For assessment of the cycling activity of CFCs, sorted CD34⁺ cells were resuspended in Iscoves medium, and equal aliquots were then incubated at no more than 2 × 10⁶cells per milliliter with and without 20 μCi/mL (.74 MBq/mL) high–specific activity ³H-thymidine (25 Ci/mmol [925 GBq/mmol]) (Amersham, Mississauga, ON, Canada) for 20 minutes at 37°C, as described in detail previously,10 before being washed and assayed for CFCs in duplicate cultures at the same cell concentrations as the untreated cells. The proportion of a given type of CFC in S-phase at the time of harvest was calculated from the loss of colony-forming activity (percentage killed) measured in the assays of the ³H-thymidine–treated cells versus the control cells. The proliferative activity of the LTC-ICs was similarly determined from CFC assays of duplicate 6-week cultures initiated with cells that had been incubated overnight in serum-free medium supplemented with SF, IL-3, and G-CSF, with or without the addition of³H-thymidine, also as described previously.5 

Values shown are the mean ± SEM. The Student 2-tailed t test was used to determine significant differences (P < .05).
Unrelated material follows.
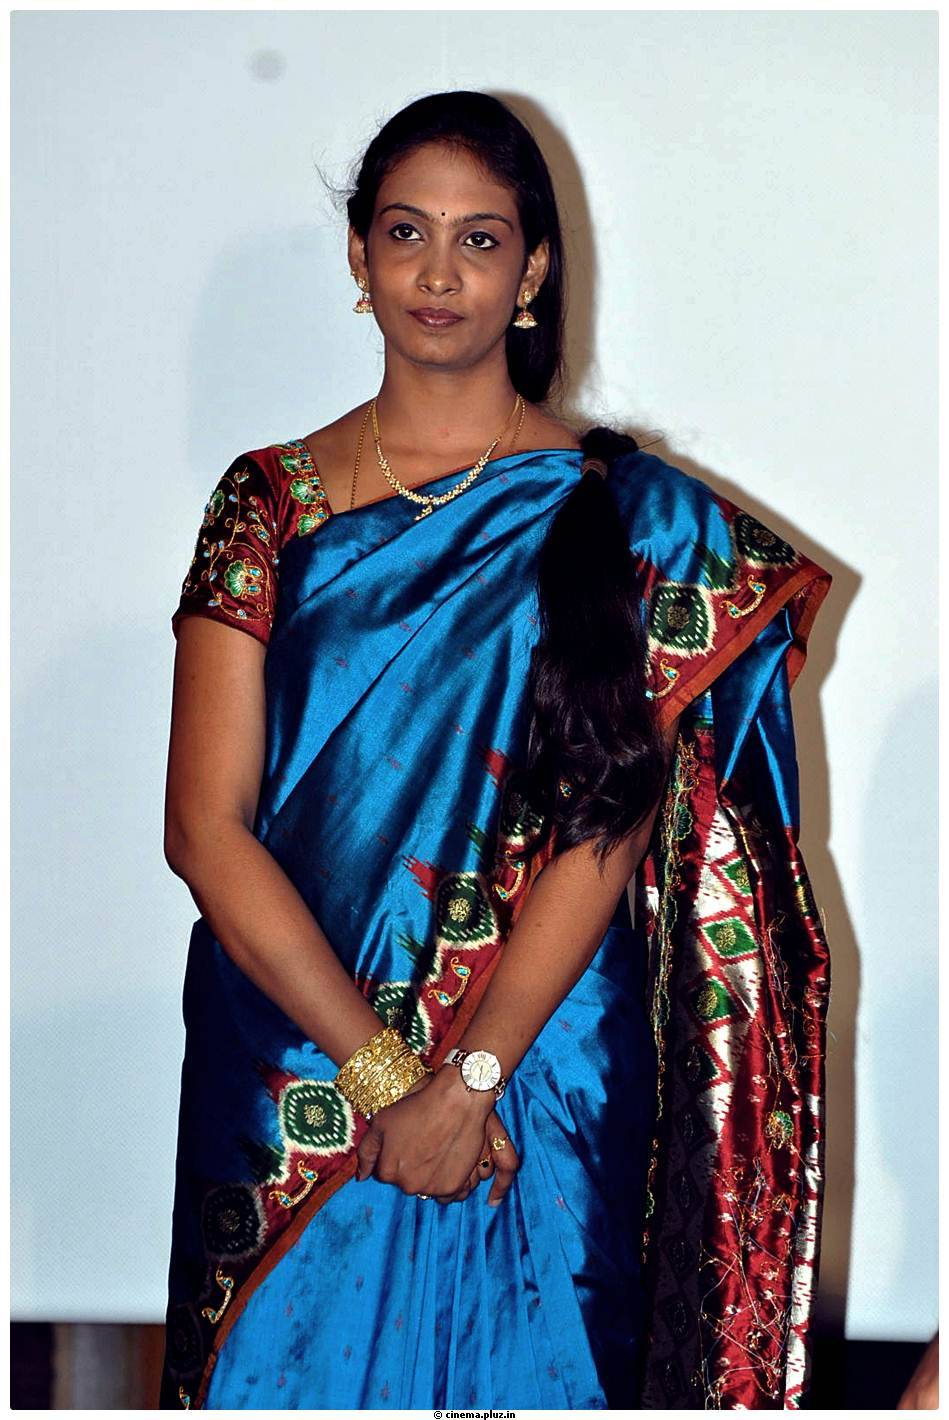 Anjana Sowmya - Bhakti Tho Anjana Soumya Music Album Launch Stills | Picture 490761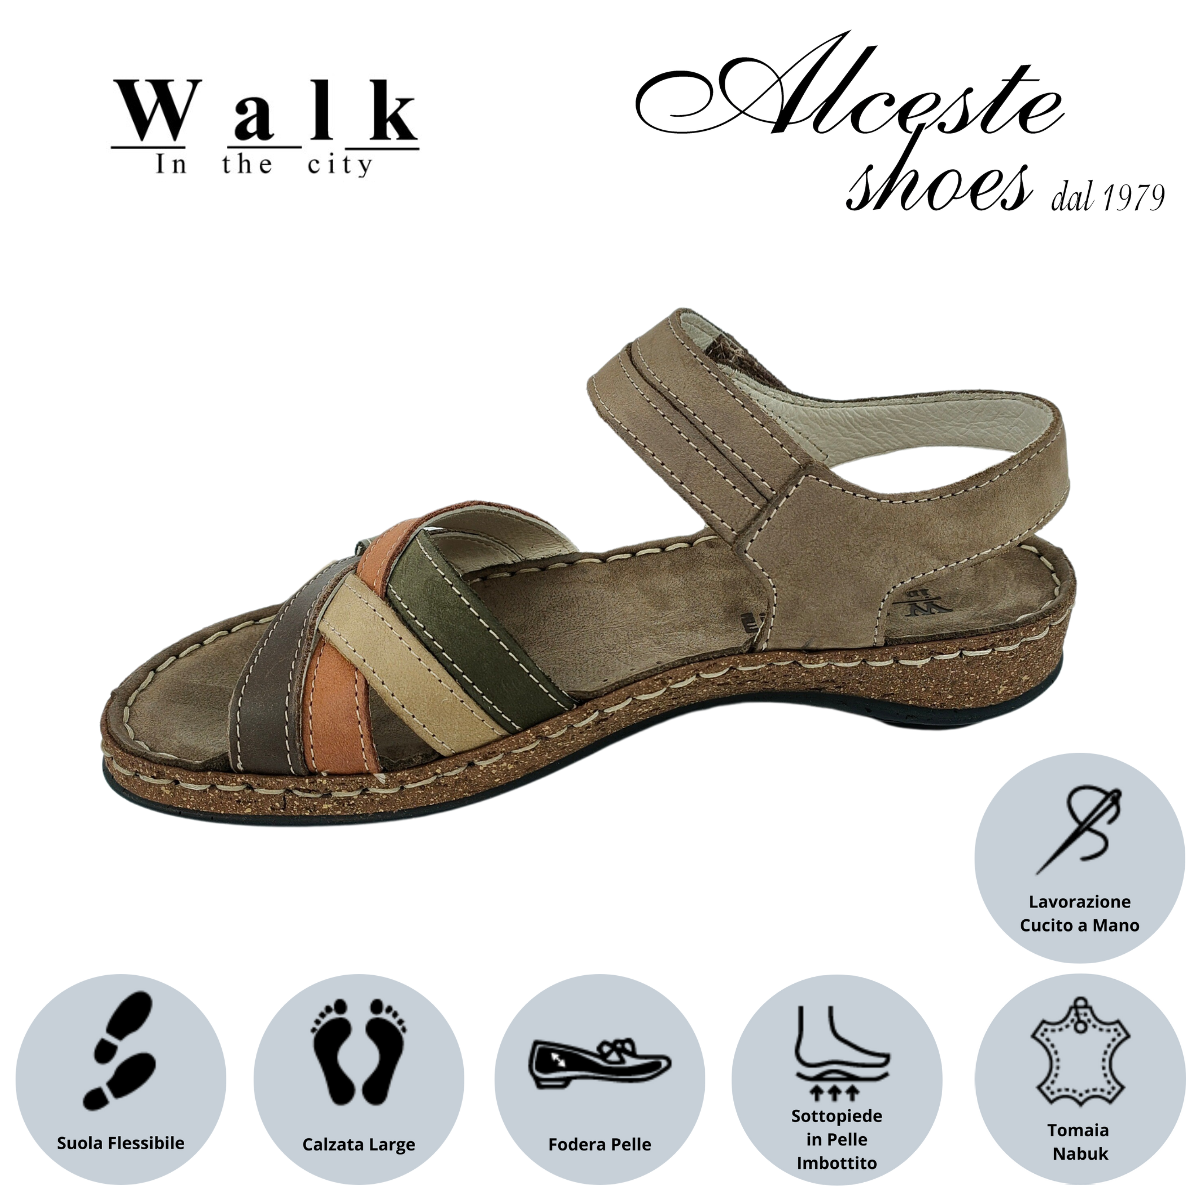 Sandalo Donna Cinturino con Velcro "Walk in The City" Art. 43170 Nabuk Fango e Testa di Moro Alceste Shoes 15

In previous studies, we have shown that the predominantly quiescent HPP-CFCs (both erythroid and granulopoietic) present in the adherent layer of normal human LTCs at least 7 days after a previous half-medium change are stimulated to enter S-phase 2 days following the next addition of fresh medium, and that this response can be blocked by the simultaneous addition of MIP-1α and MCP-1, but not several other chemokines.15,16 In this study, we used the same protocol to investigate whether SDF-1, HCC-1, and I-309 might have similar inhibitory activities. Accordingly, each of these agents was added simultaneously with a half-medium change (resulting in a final concentration of 100 ng/mL in the medium) to LTCs that had been initiated by seeding human marrow cells 7 to 10 days previously onto pre-established irradiated normal human marrow–derived adherent layers. At 2 to 3 days after the addition of new medium (with or without the test agents), when it was anticipated that the HPP-CFCs in the adherent layer of the control cultures would be maximally proliferating, all cultures were harvested and CFC cycling assays performed. As shown in Table 1, the addition of either SDF-1 or HCC-1 prevented the activation (persistance of low percentage killed) of the HPP-CFCs (both the primitive CFU-GMs and the primitive BFU-Es) in the adherent layer of the treated LTCs. I-309 did not have an equivalent effect on the primitive BFU-Es although the decrease in the percentage of the primitive CFU-GMs killed did reach significance (P < .05). In contrast, the proliferative activity of the mature CFU-GMs present in the same chemokine-treated LTC adherent layers and evaluated in the same assays was not affected by any of the treatments. This was shown by the high percentage killed (Table 1). Mature BFU-Es are not found in these cultures in sufficient numbers to allow their cycling status to be reliably assessed.10 Under these conditions, the cytostatic action exerted by SDF-1 and HCC-1 on the HPP-CFCs was completely reversible, as indicated by the finding that the total number of HPP-CFCs (and LPP-CFCs) in the cytokine-treated cultures was the same as in the control cultures (P > .05; data not shown).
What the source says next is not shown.